%%
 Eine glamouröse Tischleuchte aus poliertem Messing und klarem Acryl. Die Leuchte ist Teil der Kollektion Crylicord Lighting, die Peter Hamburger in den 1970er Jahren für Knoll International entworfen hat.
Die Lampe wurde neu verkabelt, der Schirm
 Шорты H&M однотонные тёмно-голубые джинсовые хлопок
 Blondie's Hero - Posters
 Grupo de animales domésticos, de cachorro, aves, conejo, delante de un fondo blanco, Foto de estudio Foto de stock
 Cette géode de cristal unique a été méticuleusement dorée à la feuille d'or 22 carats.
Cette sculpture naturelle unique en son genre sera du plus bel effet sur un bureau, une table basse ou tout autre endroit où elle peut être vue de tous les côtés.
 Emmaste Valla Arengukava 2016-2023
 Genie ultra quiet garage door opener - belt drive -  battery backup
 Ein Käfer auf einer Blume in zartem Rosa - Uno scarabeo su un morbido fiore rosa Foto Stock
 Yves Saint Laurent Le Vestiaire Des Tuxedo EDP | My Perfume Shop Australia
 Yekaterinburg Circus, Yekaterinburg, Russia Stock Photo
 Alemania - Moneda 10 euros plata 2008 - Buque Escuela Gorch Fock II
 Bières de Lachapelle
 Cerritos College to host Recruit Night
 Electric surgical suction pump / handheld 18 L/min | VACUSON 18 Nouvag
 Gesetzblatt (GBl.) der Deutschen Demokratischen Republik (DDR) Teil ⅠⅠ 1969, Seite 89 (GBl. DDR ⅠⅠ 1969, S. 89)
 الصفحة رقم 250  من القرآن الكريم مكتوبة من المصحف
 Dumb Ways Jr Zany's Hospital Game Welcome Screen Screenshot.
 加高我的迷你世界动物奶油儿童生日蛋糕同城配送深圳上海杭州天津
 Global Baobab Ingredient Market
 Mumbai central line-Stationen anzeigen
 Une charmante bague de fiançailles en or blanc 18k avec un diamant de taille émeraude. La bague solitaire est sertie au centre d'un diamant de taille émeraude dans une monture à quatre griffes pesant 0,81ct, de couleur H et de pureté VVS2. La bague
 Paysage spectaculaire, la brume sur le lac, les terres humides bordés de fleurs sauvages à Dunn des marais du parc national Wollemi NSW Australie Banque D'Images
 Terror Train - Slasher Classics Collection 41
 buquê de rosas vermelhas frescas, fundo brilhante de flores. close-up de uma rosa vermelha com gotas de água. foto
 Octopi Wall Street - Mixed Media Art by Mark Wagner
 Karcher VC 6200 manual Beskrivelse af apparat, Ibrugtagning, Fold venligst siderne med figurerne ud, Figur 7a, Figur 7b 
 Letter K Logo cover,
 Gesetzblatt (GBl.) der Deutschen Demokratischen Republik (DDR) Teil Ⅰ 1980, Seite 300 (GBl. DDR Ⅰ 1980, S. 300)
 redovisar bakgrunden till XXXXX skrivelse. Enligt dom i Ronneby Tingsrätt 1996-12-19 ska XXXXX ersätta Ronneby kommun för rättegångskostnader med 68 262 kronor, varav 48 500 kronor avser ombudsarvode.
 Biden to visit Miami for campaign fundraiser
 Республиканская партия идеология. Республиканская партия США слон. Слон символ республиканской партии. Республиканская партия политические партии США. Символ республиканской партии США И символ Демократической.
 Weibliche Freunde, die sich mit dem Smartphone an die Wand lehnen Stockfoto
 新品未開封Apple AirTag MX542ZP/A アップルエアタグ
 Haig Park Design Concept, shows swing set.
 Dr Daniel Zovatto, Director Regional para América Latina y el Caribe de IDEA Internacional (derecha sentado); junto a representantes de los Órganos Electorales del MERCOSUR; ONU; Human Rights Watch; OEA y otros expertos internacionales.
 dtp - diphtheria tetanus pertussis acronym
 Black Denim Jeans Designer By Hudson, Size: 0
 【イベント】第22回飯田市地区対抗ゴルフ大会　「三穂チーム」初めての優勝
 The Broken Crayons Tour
%%
▶ HOW TO COMPLETE THIS TASK:
Go through the material above and output exactly the lines from the one containing "Terror Train - Slasher" through the one containing "Letter K Logo".

▶ TASK ANSWER:
 Terror Train - Slasher Classics Collection 41
 buquê de rosas vermelhas frescas, fundo brilhante de flores. close-up de uma rosa vermelha com gotas de água. foto
 Octopi Wall Street - Mixed Media Art by Mark Wagner
 Karcher VC 6200 manual Beskrivelse af apparat, Ibrugtagning, Fold venligst siderne med figurerne ud, Figur 7a, Figur 7b 
 Letter K Logo cover,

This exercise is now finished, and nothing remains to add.